The first of the current four buildings, with its iron-framed structure, dates from the 1890s; architecturally it was heavily criticized, just as the Eiffel Tower was when built. In 1906 the Journal de Débats went so far as to trumpet theatrically: Maintenant, l'horreur est consommé.. ("Now, the horror is consummated.") Fortunately the lengthy procedures to preserve all the buildings and Art Nouveau / Art Deco facades as historical monuments were brought to a successful conclusion in ... 1990.

La Samaritaine celebrated its centenary in 1970 and Amerloque was there. (This was just a few years after the closure of Les Halles, by the way: a memorable last day and night that was.) As a matter of fact, in the 1960s and 1970s, Amerloque spent many hours wandering around the Sama, discovering and studying strange and wonderful things: it was like strolling through a living, full-size catalogue.
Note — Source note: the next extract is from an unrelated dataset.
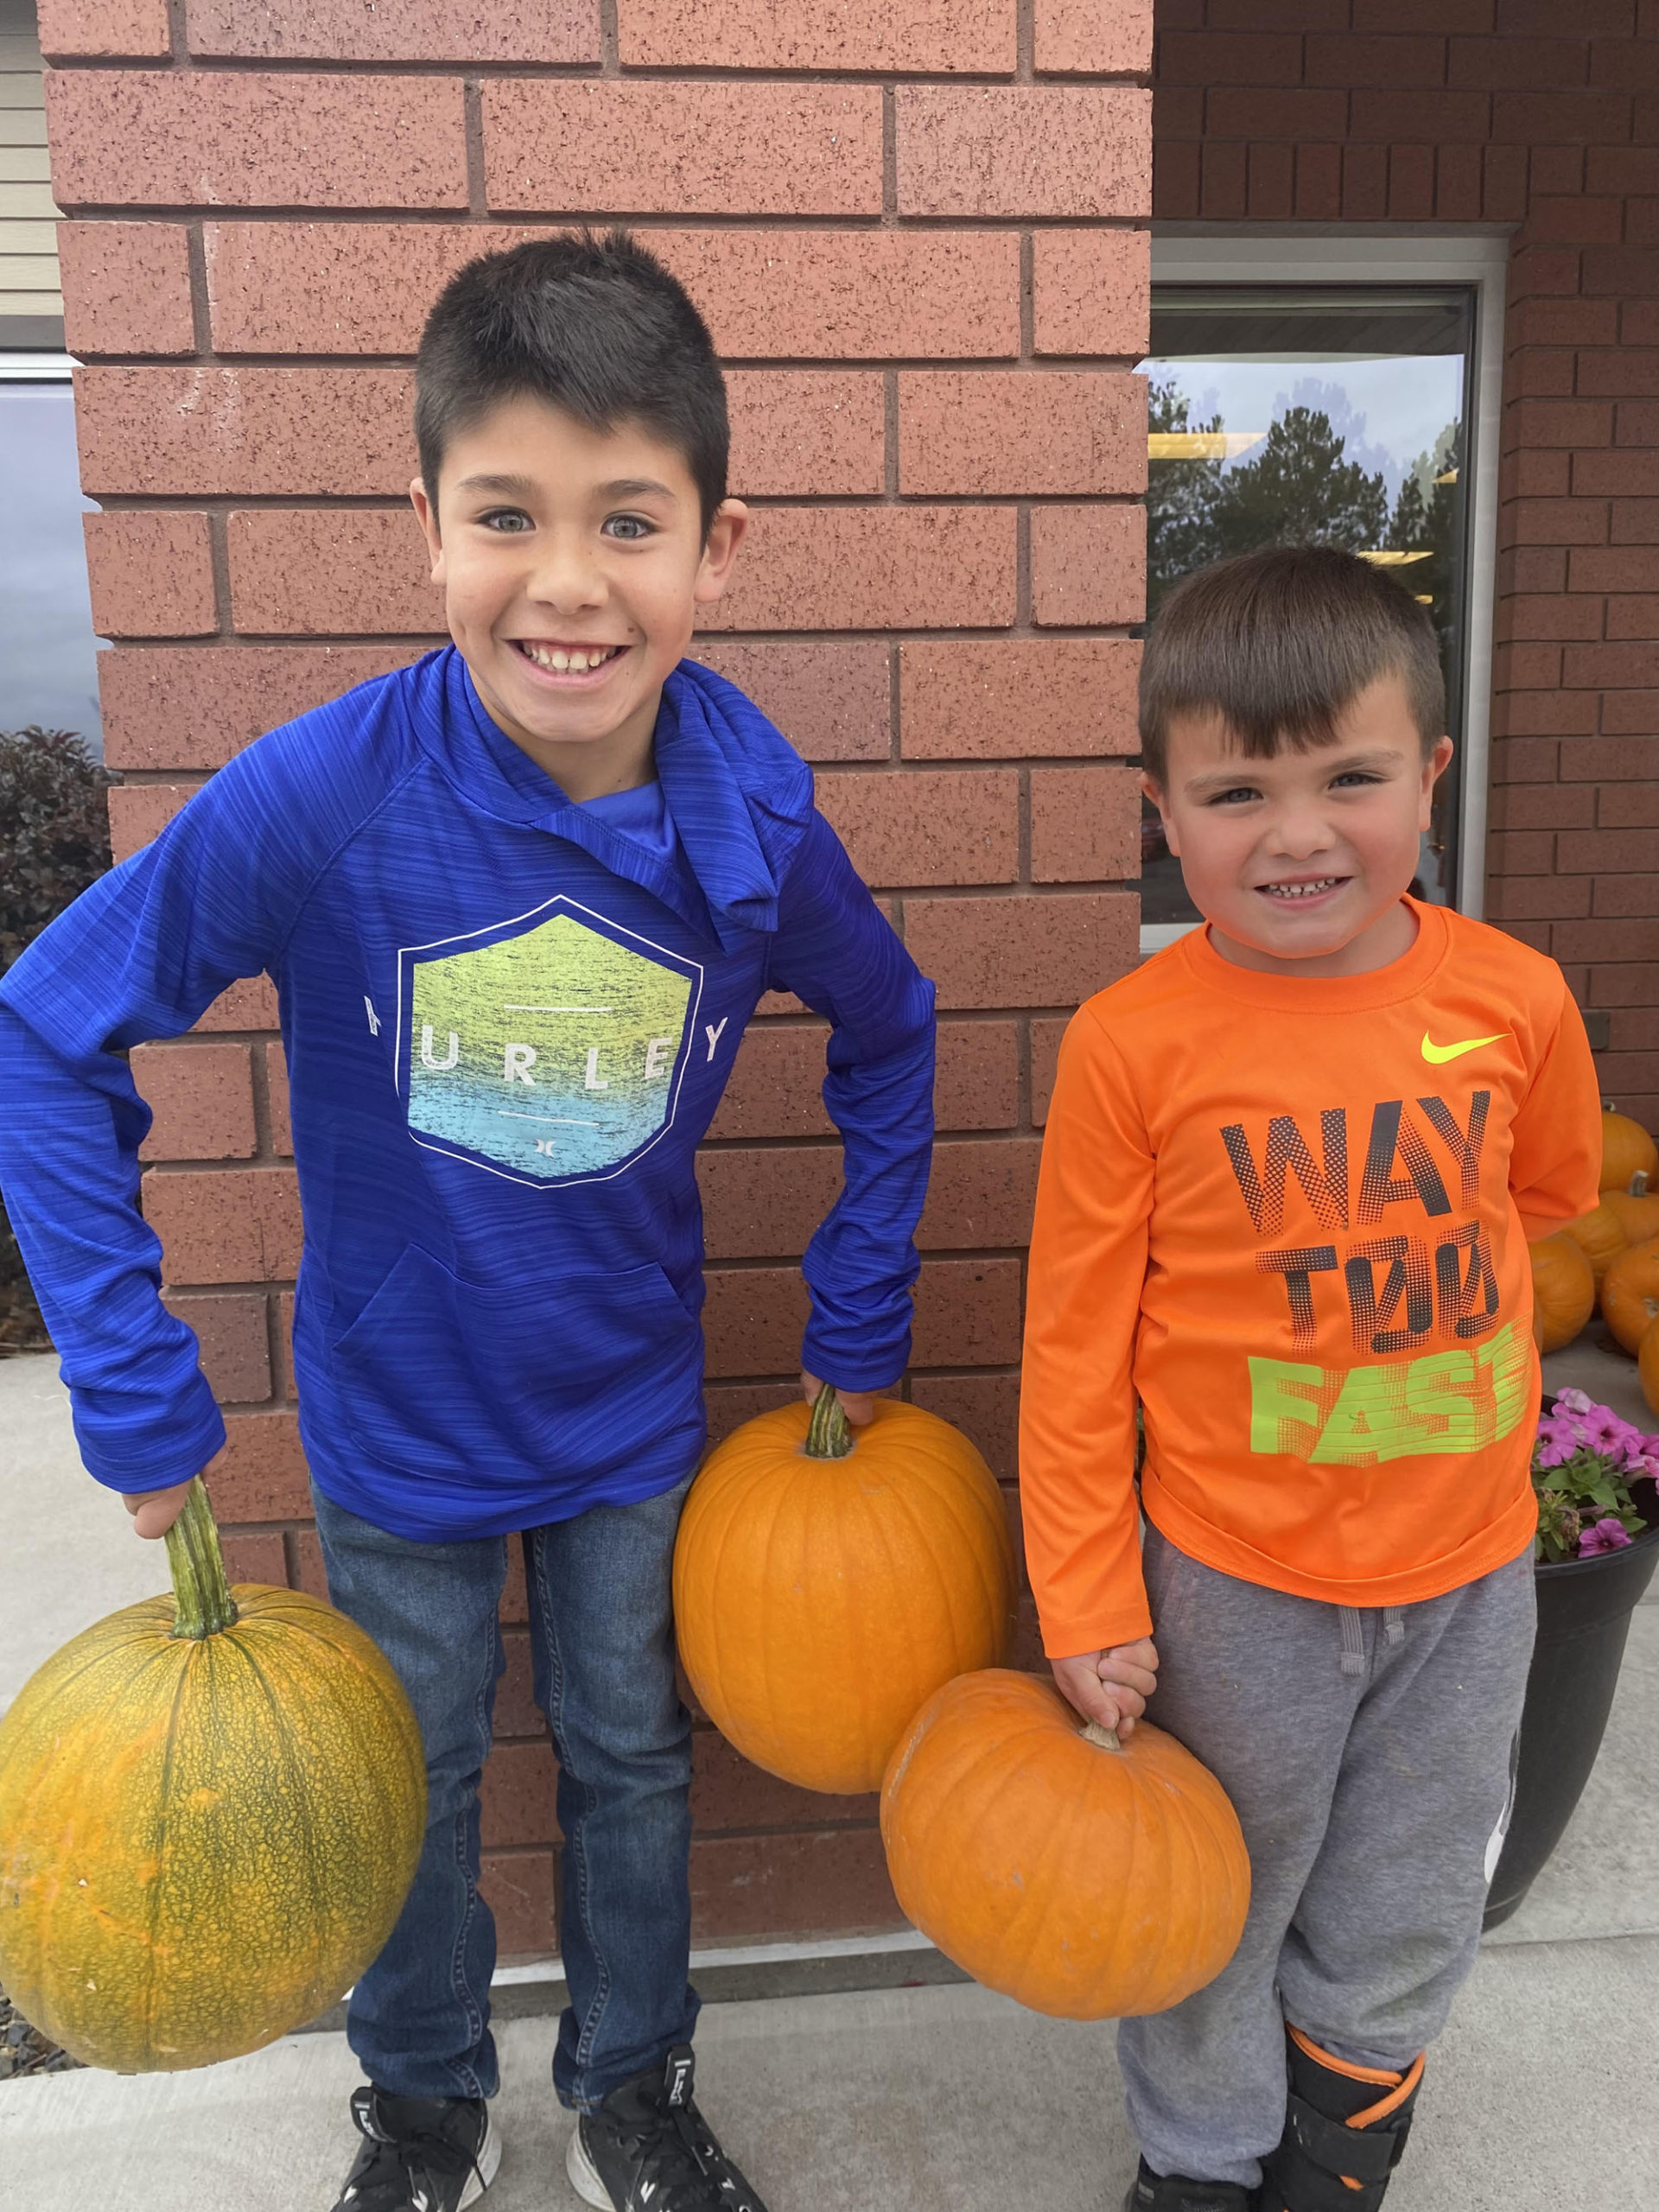 Boys holding pumpkins in after school activities in Buhl, ID.

Many items were quintessentially French and offered clear insights into just how French society was organized, with a thrift and economy of movement that would have put the much-vaunted skinflint New England Yankee to shame.
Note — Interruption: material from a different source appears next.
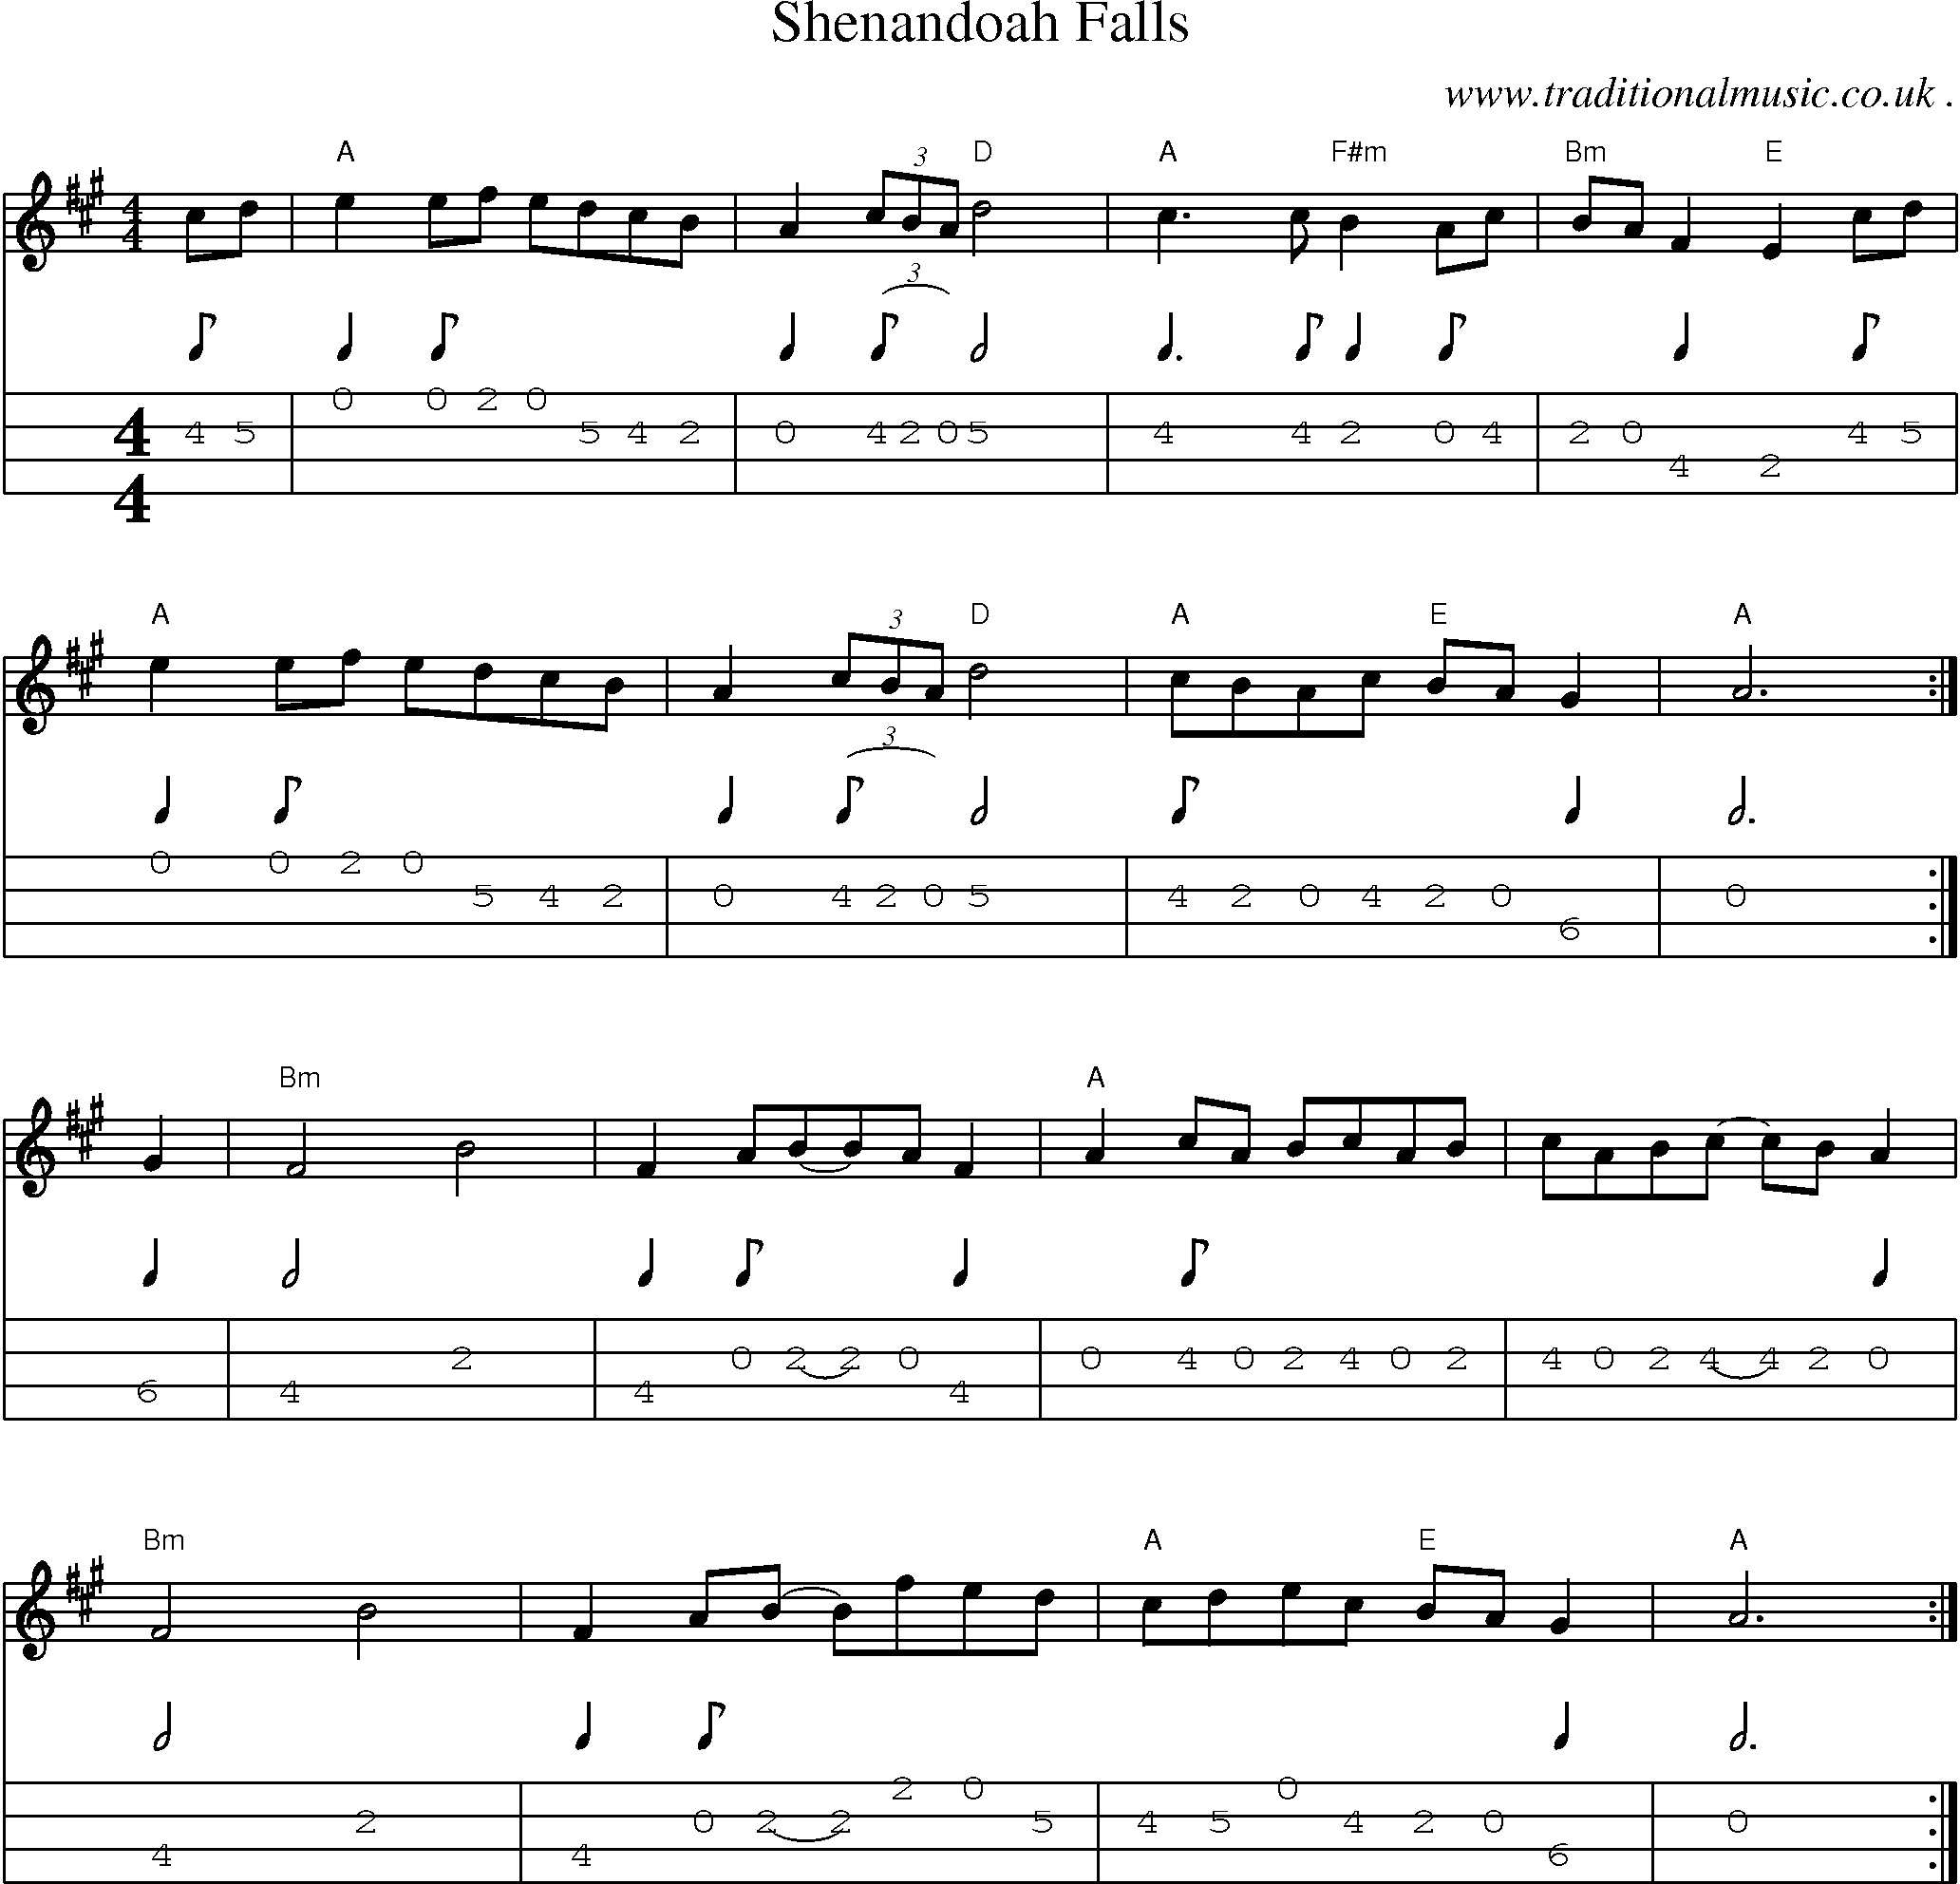 Music Score and Mandolin Tabs for Shenandoah Falls

How different it was then and there compared to the nascent consumer-oriented society in the 1960s USA. One went to the Sama when one needed a piece of thread (or a sewing machine), a window pane (or an entire frame), a pair of work pants (or a complete bleu de travail), a bicycle (or just an inner tube), a bidet (or the full porcelain bathroom suite), a birthday gift (or simply a greeting card) or a christening spoon (plated or solid silver, if you please). One could purchase one nail, or a kilo of nails; one dust bag for one's Hoover, or the entire package; a radio for one's automobile, or just one fuse; a cotton or linen pillowcase for one's bed, or a thin paper pattern to embroider a pillowcase oneself. One brought one's empty wine bottles to be filled with pinard from huge barrels, in an odoriferous part of the Sama where strange, unknown - French - smells and fragrances mingled unceasingly with those of freshly baked goods wafting in from the outdoor stalls. One never had to go outdoors to change stores, though: the basements of the four buildings were interconnected by a warren of passageways. One could spend an entire morning ambling in the aisles, go to the top floor for a summary lunch in the customers' self, with its fantastic view of Paris, and explore at will until closing.

That was a time, too, when television sets were pretty few and far between. One could trundle over to the Sama on a blustery evening and watch TV, free. When an important soccer game was scheduled to be broadcast, the store would put sets in many of its windows; passerby would congregate on the sidewalks to watch the silent, flickering pictures on screens, behind the store's thick glass. There was always someone who would pull un transistor out of his pocket and turn it up to full volume. After the game, the spectators would treat him to a few refreshments at the closest café. Needless to say, Amerloque always brought his radio along: it proved to be an invaluable tool for making acquaintances, a few of whom have remained friends to this day.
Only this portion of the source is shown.